State v. Streeter

348 P.3d 290, 270 Or. App. 441, 2014 Ore. App. LEXIS 1946
CourtCourt of Appeals of Oregon
DecidedApril 15, 2015
Docket121051952; A154444
StatusPublished
Cited by2 cases

This text of 348 P.3d 290 (State v. Streeter) is published on Counsel Stack Legal Research, covering Court of Appeals of Oregon primary law. Counsel Stack provides free access to over 12 million legal documents including statutes, case law, regulations, and constitutions.

Bluebook
State v. Streeter, 348 P.3d 290, 270 Or. App. 441, 2014 Ore. App. LEXIS 1946 (Or. Ct.
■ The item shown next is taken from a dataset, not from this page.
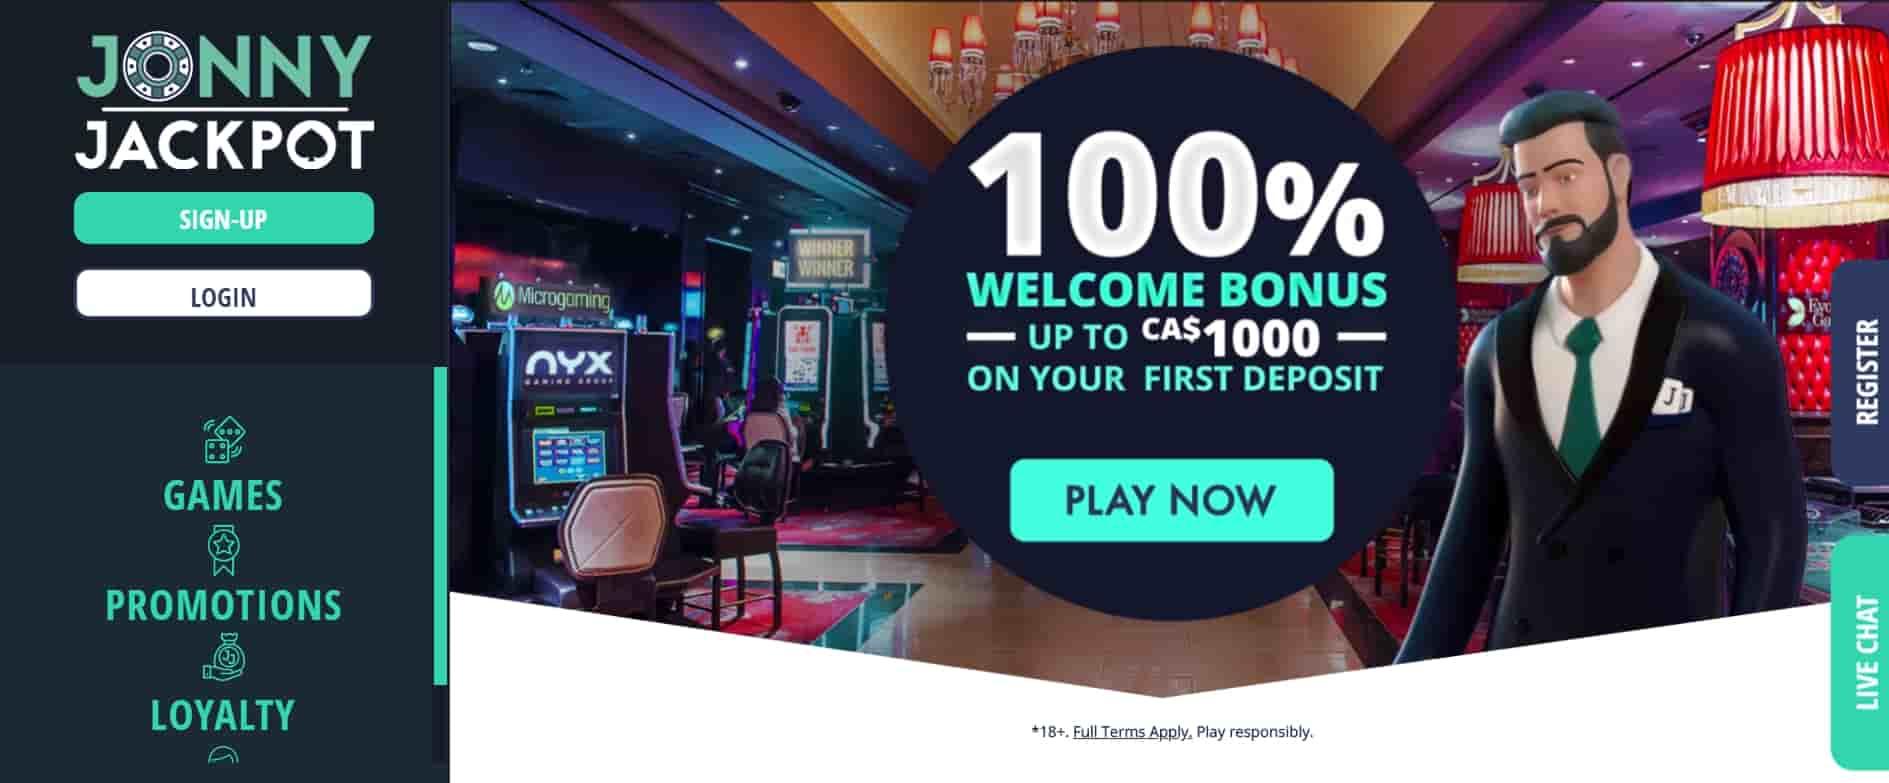 Jonny Jackpot Online Casino
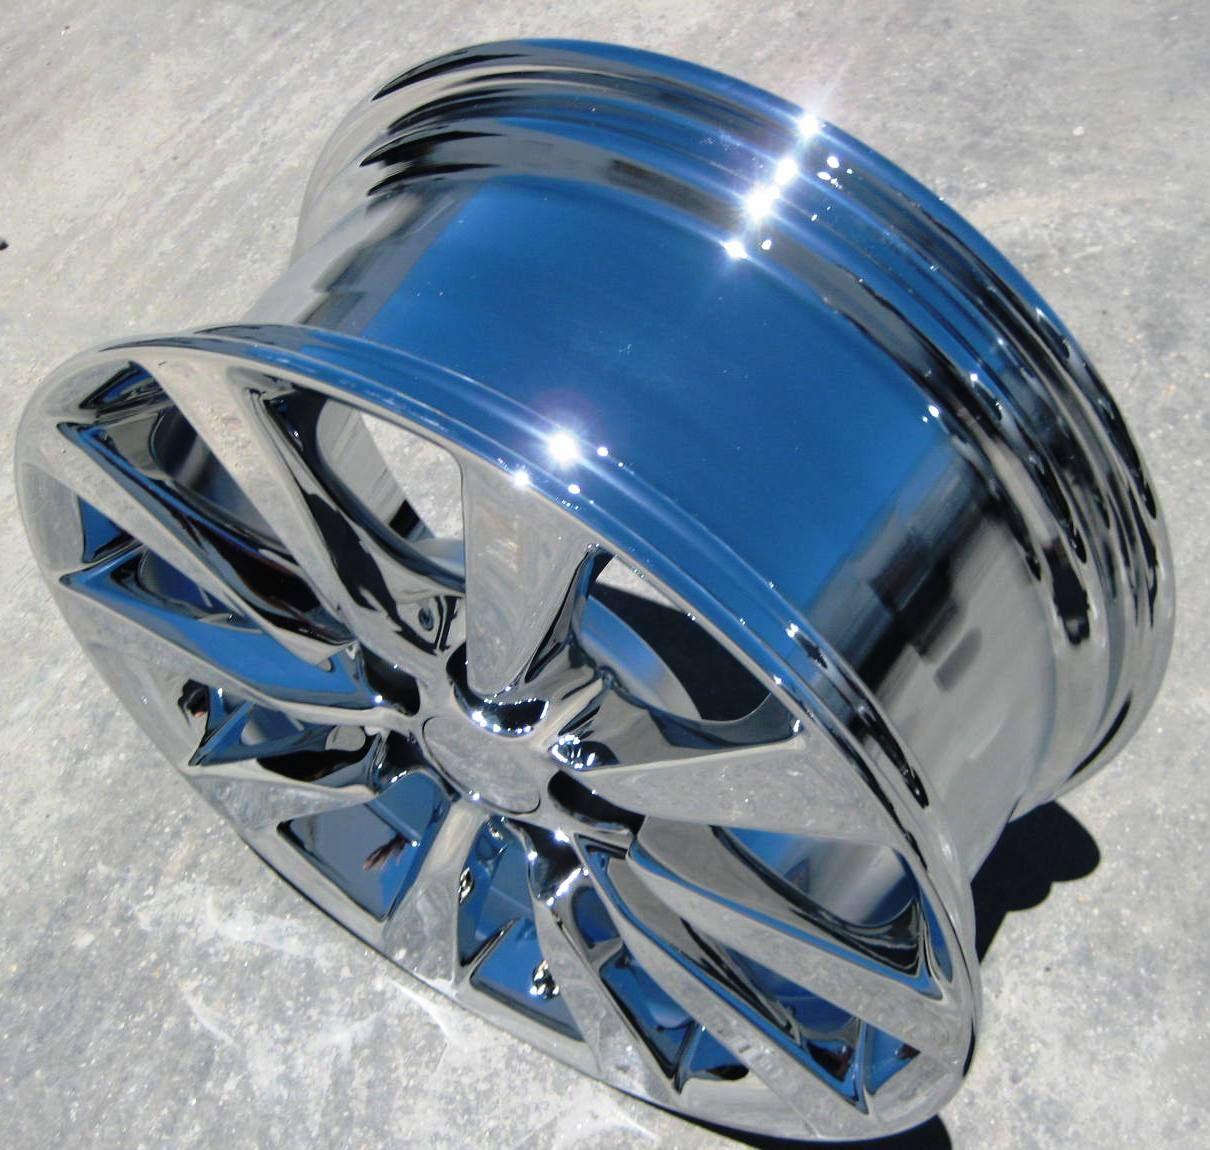 Stock 18 Factory Lexus LS460 LS600 Chrome Wheels Rims 2010 13

App. 2015).

Opinion

TOOKEY, J.

Defendant appeals a judgment of conviction for failure to report as a sex offender, former ORS 181.599(l)(d) (2011), renumbered as ORS 181.812(l)(d) (2013). He argues that the trial court improperly denied his motion for judgment of acquittal based on an improper construction of that statute, contending that the state failed to prove precisely when the crime was committed because it failed to prove when he moved out of his grandfather’s house, where he was registered. For the reasons that follow, we affirm.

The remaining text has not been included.